(Source records)
^^^^^^^^^^^^^^^^

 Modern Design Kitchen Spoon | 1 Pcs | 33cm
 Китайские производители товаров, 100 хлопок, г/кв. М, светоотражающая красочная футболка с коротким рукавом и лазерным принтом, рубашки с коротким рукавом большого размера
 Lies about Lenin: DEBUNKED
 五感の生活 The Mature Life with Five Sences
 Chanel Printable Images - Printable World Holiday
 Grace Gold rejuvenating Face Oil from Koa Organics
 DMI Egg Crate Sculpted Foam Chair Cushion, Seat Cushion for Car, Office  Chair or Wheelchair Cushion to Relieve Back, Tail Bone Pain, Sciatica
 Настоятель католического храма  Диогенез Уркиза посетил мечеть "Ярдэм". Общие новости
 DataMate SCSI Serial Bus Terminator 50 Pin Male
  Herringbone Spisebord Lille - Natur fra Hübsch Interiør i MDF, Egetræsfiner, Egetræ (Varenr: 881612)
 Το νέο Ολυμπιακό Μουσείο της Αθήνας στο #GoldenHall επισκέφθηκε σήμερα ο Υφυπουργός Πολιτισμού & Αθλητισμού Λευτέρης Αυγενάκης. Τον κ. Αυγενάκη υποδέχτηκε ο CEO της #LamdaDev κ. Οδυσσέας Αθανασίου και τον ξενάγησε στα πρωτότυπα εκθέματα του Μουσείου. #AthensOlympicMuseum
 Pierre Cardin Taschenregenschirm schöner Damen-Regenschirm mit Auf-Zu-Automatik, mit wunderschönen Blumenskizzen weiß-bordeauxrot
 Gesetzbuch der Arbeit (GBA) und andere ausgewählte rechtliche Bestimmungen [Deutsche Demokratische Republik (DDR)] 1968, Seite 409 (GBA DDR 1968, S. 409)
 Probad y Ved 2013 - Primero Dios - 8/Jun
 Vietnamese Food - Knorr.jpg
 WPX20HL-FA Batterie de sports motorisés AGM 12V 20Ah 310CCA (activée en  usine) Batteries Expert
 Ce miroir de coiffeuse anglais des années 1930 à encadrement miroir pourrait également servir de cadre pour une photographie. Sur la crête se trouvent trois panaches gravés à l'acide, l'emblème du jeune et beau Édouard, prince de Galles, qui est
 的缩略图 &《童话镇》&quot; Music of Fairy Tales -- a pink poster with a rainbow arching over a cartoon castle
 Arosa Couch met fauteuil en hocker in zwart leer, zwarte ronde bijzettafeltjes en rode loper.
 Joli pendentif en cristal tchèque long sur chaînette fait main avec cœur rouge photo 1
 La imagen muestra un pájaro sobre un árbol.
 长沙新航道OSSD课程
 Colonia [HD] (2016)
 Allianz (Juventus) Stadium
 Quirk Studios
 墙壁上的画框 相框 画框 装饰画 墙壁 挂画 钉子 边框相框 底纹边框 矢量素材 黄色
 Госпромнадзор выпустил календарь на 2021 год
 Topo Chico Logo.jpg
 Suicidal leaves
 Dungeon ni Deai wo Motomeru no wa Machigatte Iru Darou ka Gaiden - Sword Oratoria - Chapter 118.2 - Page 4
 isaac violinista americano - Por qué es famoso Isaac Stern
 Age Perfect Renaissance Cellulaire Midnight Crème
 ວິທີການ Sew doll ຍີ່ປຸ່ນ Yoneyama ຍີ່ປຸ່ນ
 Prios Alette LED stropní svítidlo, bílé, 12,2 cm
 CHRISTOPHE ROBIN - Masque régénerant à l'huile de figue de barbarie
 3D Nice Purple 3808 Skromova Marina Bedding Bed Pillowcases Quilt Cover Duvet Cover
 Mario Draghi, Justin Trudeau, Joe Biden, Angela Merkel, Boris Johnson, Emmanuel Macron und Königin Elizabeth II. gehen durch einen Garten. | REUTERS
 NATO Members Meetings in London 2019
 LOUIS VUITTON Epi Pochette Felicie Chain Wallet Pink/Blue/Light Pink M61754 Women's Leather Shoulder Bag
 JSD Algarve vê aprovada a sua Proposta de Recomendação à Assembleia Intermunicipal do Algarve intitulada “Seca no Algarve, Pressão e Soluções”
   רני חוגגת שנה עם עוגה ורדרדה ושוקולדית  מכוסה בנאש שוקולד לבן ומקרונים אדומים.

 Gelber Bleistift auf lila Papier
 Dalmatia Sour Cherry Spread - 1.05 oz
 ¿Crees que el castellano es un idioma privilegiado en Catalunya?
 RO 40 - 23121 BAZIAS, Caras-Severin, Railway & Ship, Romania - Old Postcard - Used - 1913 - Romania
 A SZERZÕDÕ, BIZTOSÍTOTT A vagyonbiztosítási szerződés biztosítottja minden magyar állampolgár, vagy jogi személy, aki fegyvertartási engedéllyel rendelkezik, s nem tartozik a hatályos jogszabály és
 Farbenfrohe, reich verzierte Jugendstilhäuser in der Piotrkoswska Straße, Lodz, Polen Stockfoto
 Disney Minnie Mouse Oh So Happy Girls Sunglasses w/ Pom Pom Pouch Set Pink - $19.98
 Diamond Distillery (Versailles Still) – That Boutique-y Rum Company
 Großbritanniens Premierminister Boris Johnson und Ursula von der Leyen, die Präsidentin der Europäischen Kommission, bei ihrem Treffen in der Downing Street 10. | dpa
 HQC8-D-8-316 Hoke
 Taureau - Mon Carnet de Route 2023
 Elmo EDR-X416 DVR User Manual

^^^^^^^^^^^^^^^^

Find "RO 40 - 23121" in the data above, then repeat that line and all lines after it exactly, ending with the final line.

_Answer box_
 RO 40 - 23121 BAZIAS, Caras-Severin, Railway & Ship, Romania - Old Postcard - Used - 1913 - Romania
 A SZERZÕDÕ, BIZTOSÍTOTT A vagyonbiztosítási szerződés biztosítottja minden magyar állampolgár, vagy jogi személy, aki fegyvertartási engedéllyel rendelkezik, s nem tartozik a hatályos jogszabály és
 Farbenfrohe, reich verzierte Jugendstilhäuser in der Piotrkoswska Straße, Lodz, Polen Stockfoto
 Disney Minnie Mouse Oh So Happy Girls Sunglasses w/ Pom Pom Pouch Set Pink - $19.98
 Diamond Distillery (Versailles Still) – That Boutique-y Rum Company
 Großbritanniens Premierminister Boris Johnson und Ursula von der Leyen, die Präsidentin der Europäischen Kommission, bei ihrem Treffen in der Downing Street 10. | dpa
 HQC8-D-8-316 Hoke
 Taureau - Mon Carnet de Route 2023
 Elmo EDR-X416 DVR User Manual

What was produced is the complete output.